Washington should make it clear to Seoul that the NLL is not a maritime boundary.

The Northern Limit Line, drawn up after the Armistice of 1953, has never been recognized by the DPRK. The boundary, which is not considered an international maritime boundary because both Koreas regard this dispute as domestic, crosses an area of fishing grounds that are important to the ailing Northern economy and are close to busy Southern ports. The disputed aspect of the line, the economic importance of the area, the ambiguities of the rules of engagement and the long history of violent confrontations have made it a flashpoint for conflict.
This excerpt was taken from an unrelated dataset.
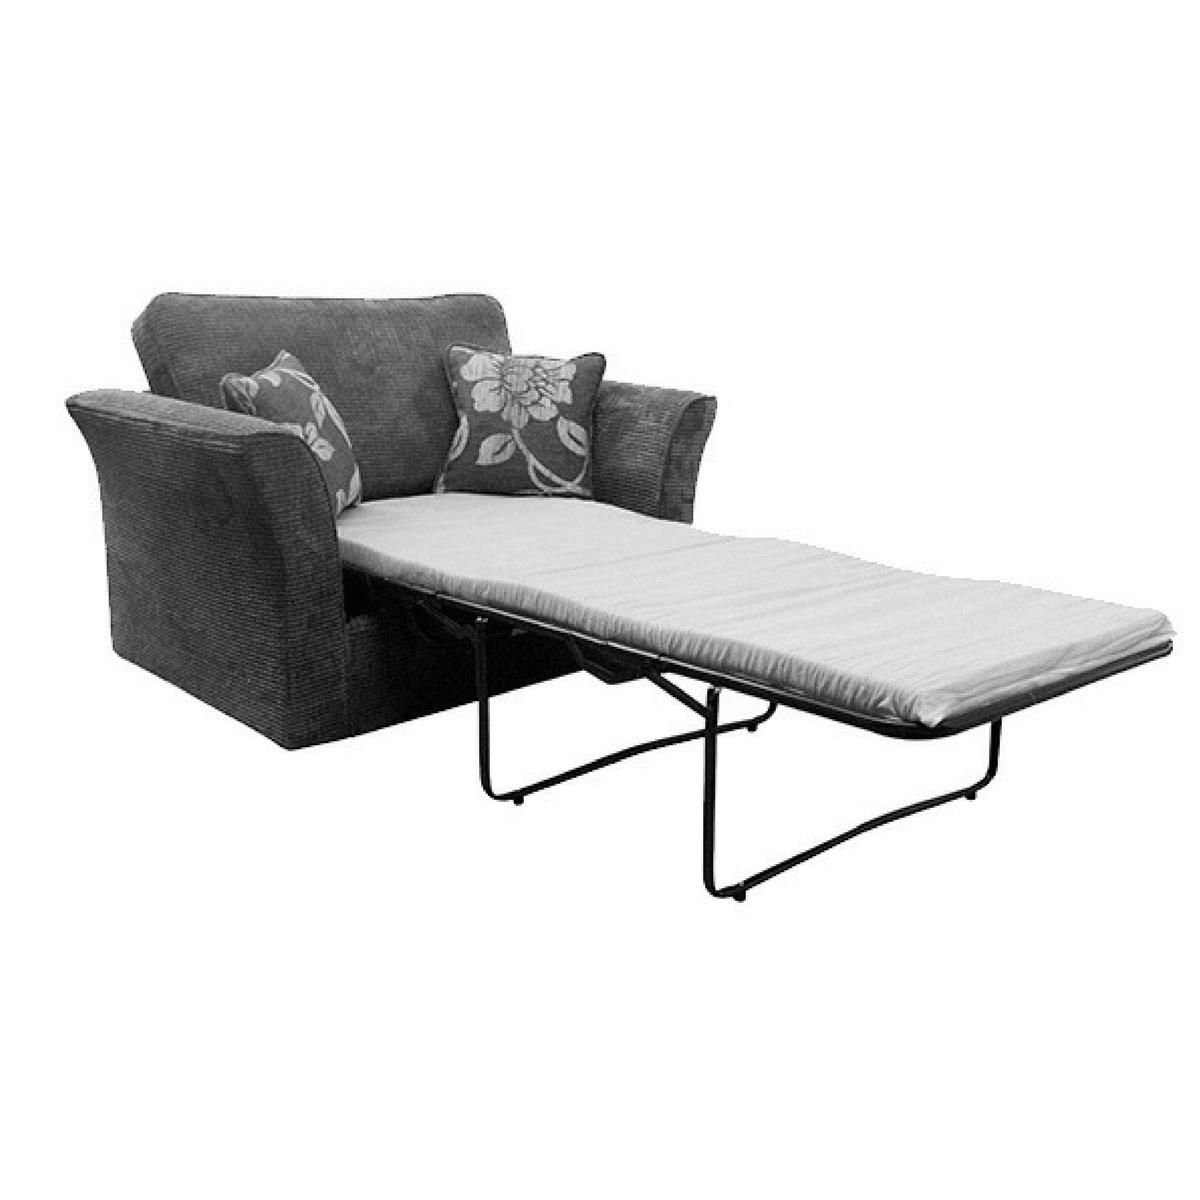 Maya Chair Sofa Bed

The sinking in March 2010 of the ROK vesselCheonan and the shelling in November of Yeonpyeong Island are the most recent and deadly of the confrontations in this area. Relations are at their worst point in more than a decade with much of the progress of recent years undone. The South has found itself hamstrung, unable to respond to North Korea with any force for fear of precipitating a wider confrontation. Impatience is growing and there are demands from the right in Seoul for more robust terms of military engagement in the event of future clashes.

Kim Myong Chol is author of a number of books and papers in Korean, Japanese and English on North Korea, including Kim Jong-il’s Strategy for Reunification. He has a PhD from the Democratic People’s Republic of Korea’s Academy of Social Sciences and is often called an “unofficial” spokesman of Kim Jong-il and North Korea.